Author: Elliott West
Publisher:
Published: 1998
Total Pages: 454
ISBN-13:
DOWNLOAD EBOOKDeftly retracing a pivotal chapter in one of America's most dramatic stories, Elliott West chronicles the struggles, triumphs and defeats of both Indians and whites as they pursued their clashing dreams of greatness in the heart of the continent.

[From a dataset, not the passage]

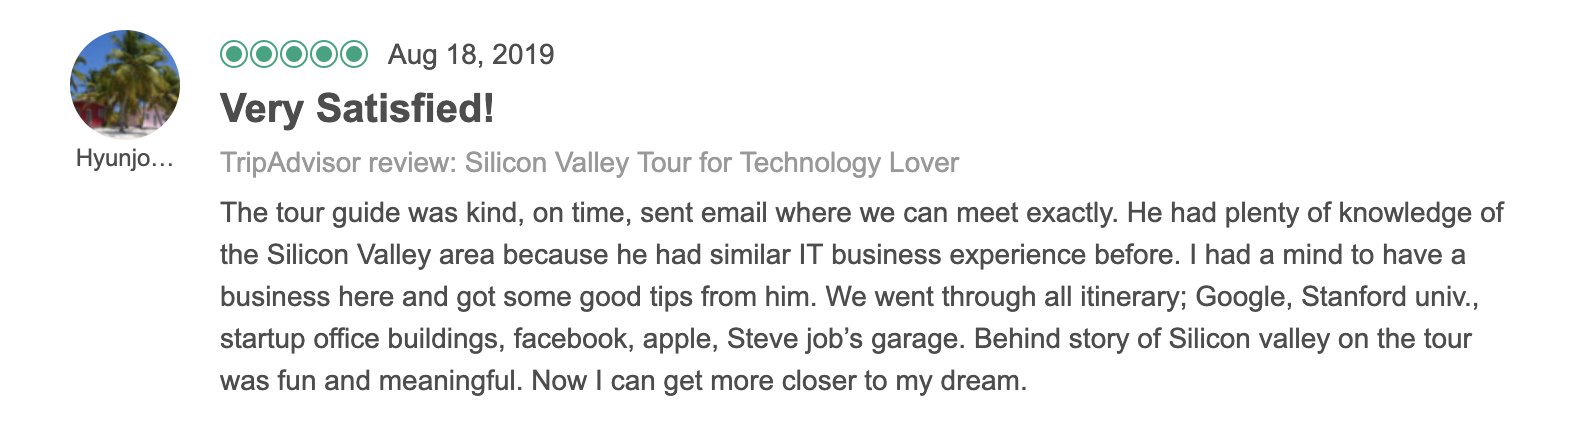 Silicon Valley Tour Review 6
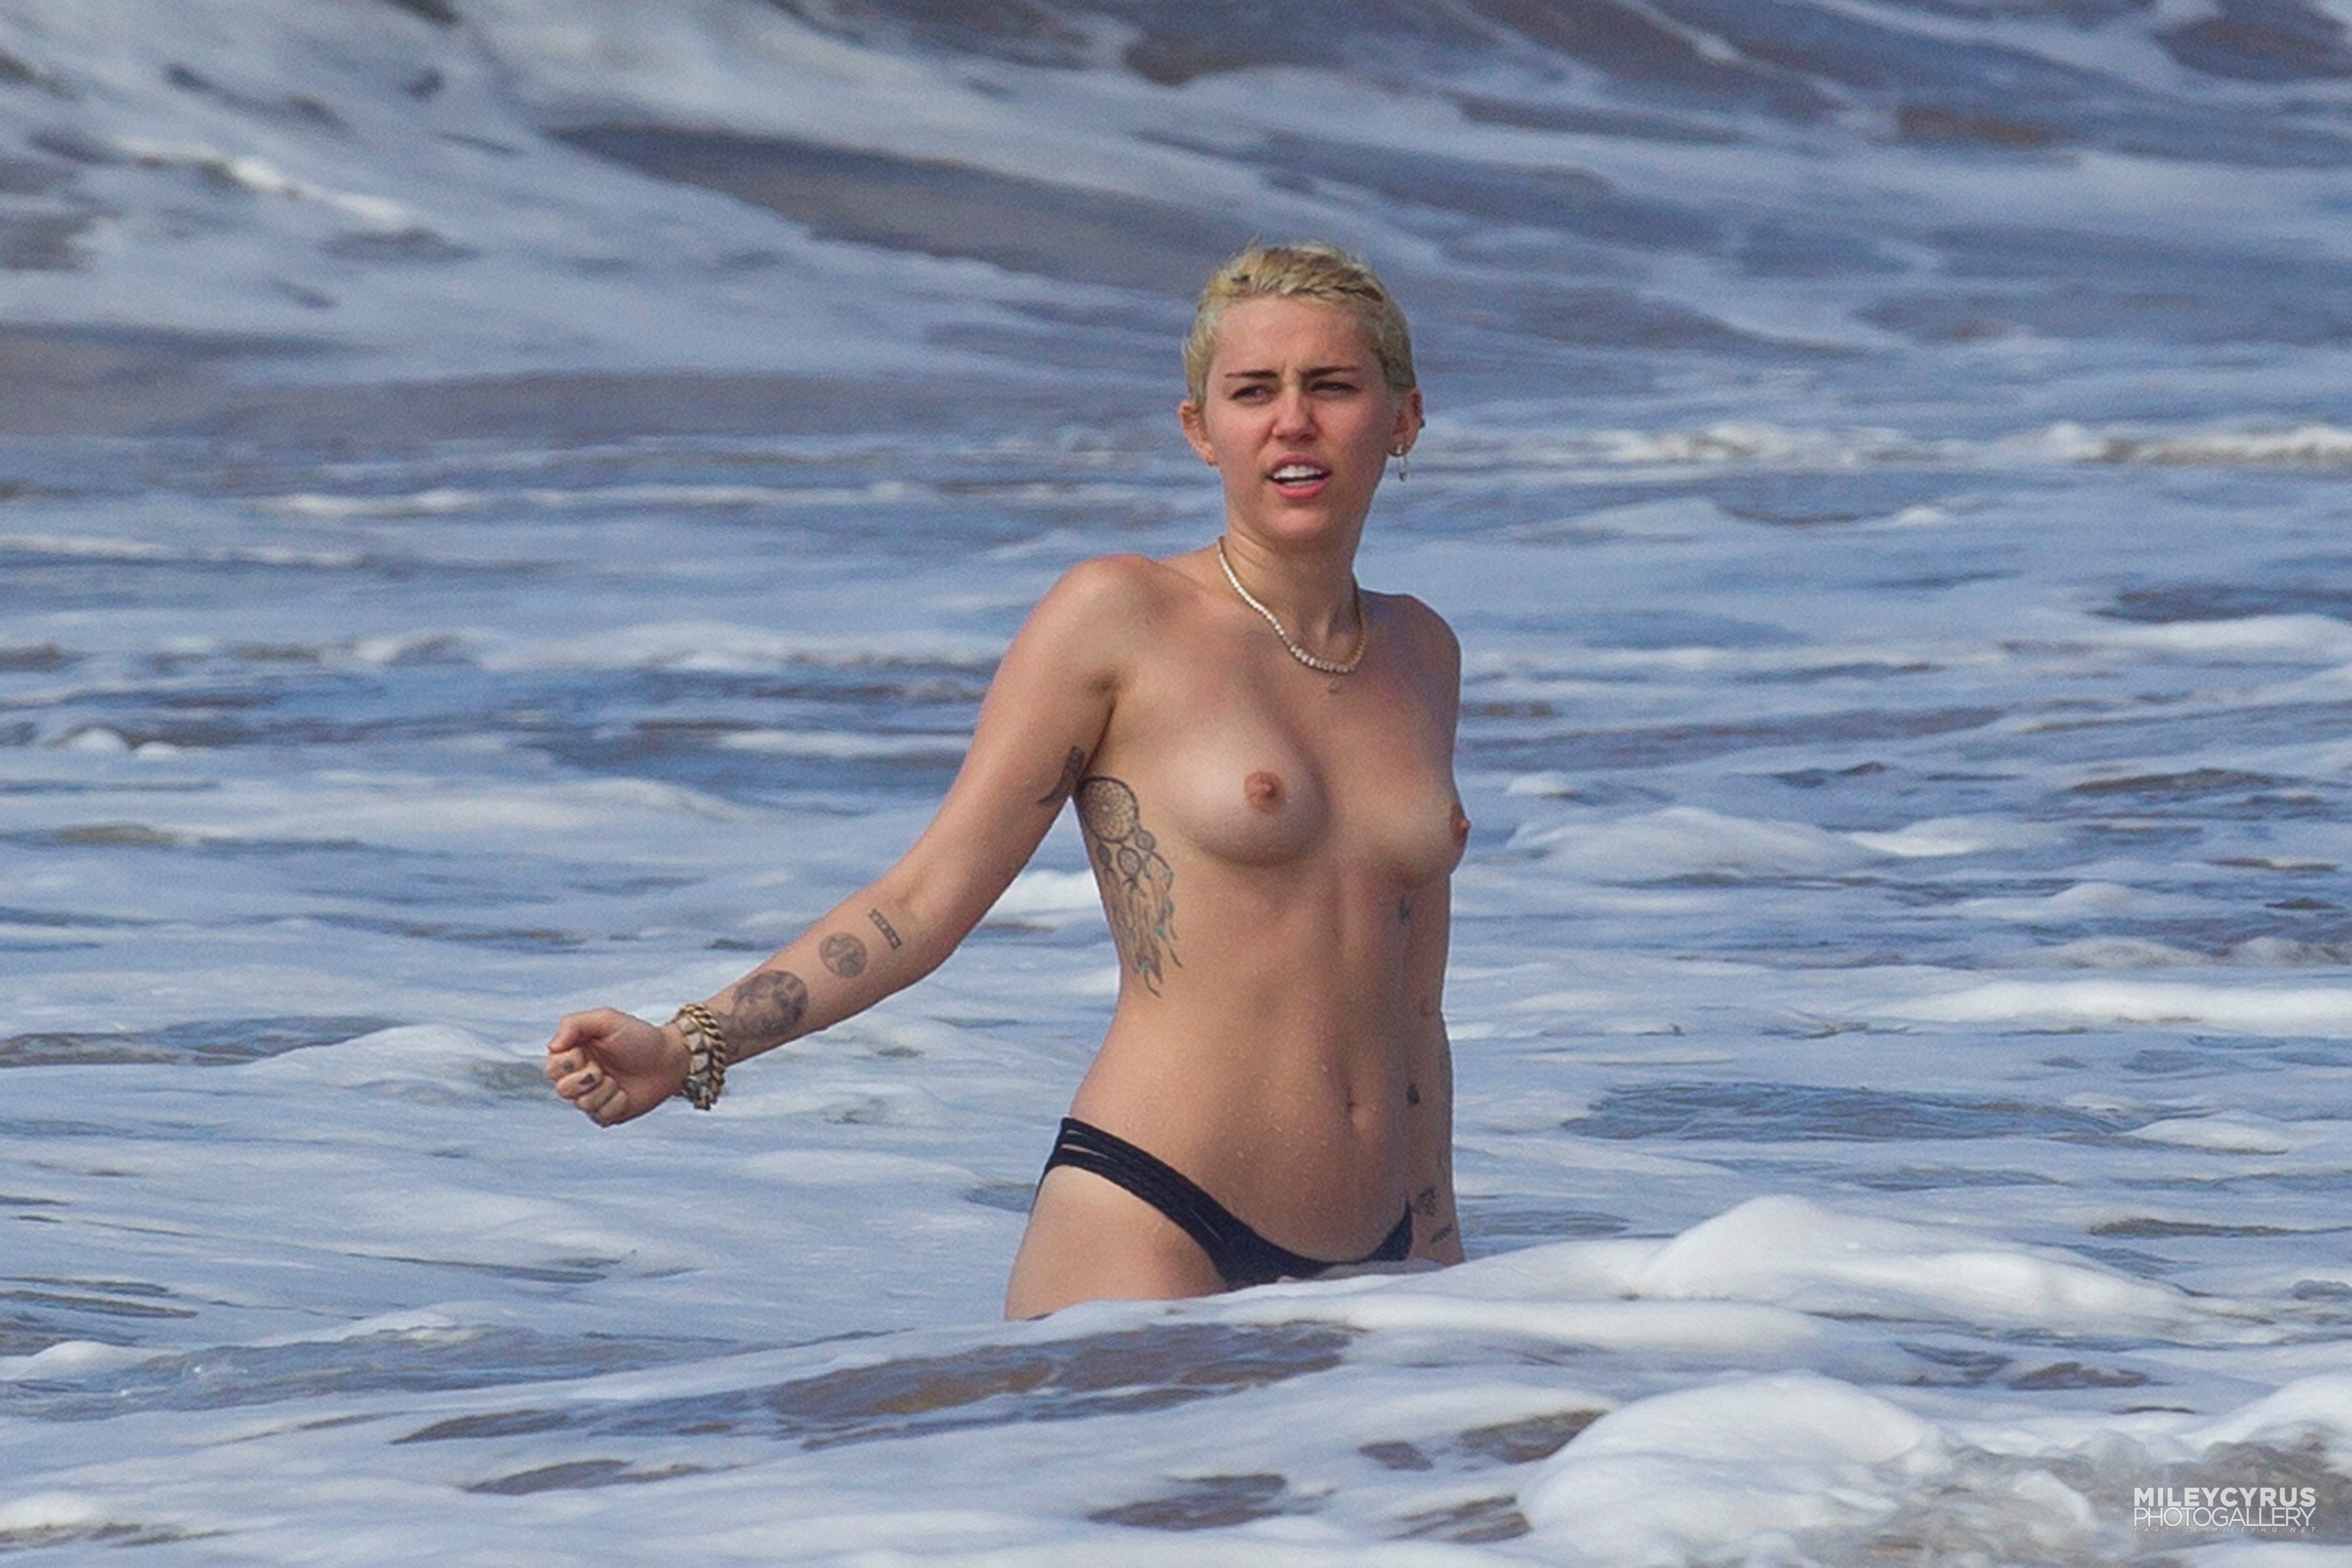 Miley cyrus real celebrity nude

Author: Nelson Lichtenstein
Publisher: Cambridge University Press
Published: 1996-07-13
Total Pages: 312
ISBN-13: 9780521566223
DOWNLOAD EBOOKA close examination of what came to be known among collars of any colour as 'the labour problem' with the railroad strikes of the 1870s.
Author: P. Scott Corbett
Publisher:
Published: 2024-09-10
Total Pages: 1886
ISBN-13:
DOWNLOAD EBOOKU.S. History is designed to meet the scope and sequence requirements of most introductory courses. The text provides a balanced approach to U.S. history, considering the people, events, and ideas that have shaped the United States from both the top down (politics, economics, diplomacy) and bottom up (eyewitness accounts, lived experience). U.S. History covers key forces that form the American experience, with particular attention to issues of race, class, and gender.
Author: Elliott West
Publisher: UNM Press
Published: 1995
Total Pages: 284
ISBN-13: 9780826316530
DOWNLOAD EBOOKElegantly assembles the environmental, social, cultural, political, and economic history of the Great Plains in the 19th century.
Author: Jack Beatty
Publisher: Vintage
Published: 2008-04-08
Total Pages: 514
ISBN-13: 1400032423
DOWNLOAD EBOOKAge of Betrayal is a brilliant reconsideration of America's first Gilded Age, when war-born dreams of freedom and democracy died of their impossibility. Focusing on the alliance between government and railroads forged by bribes and campaign contributions, Jack Beatty details the corruption of American political culture that, in the words of Rutherford B. Hayes, transformed “a government of the people, by the people, and for the people” into “a government by the corporations, of the corporations, and for the corporations.” A passionate, gripping, scandalous and sorrowing history of the triumph of wealth over commonwealth.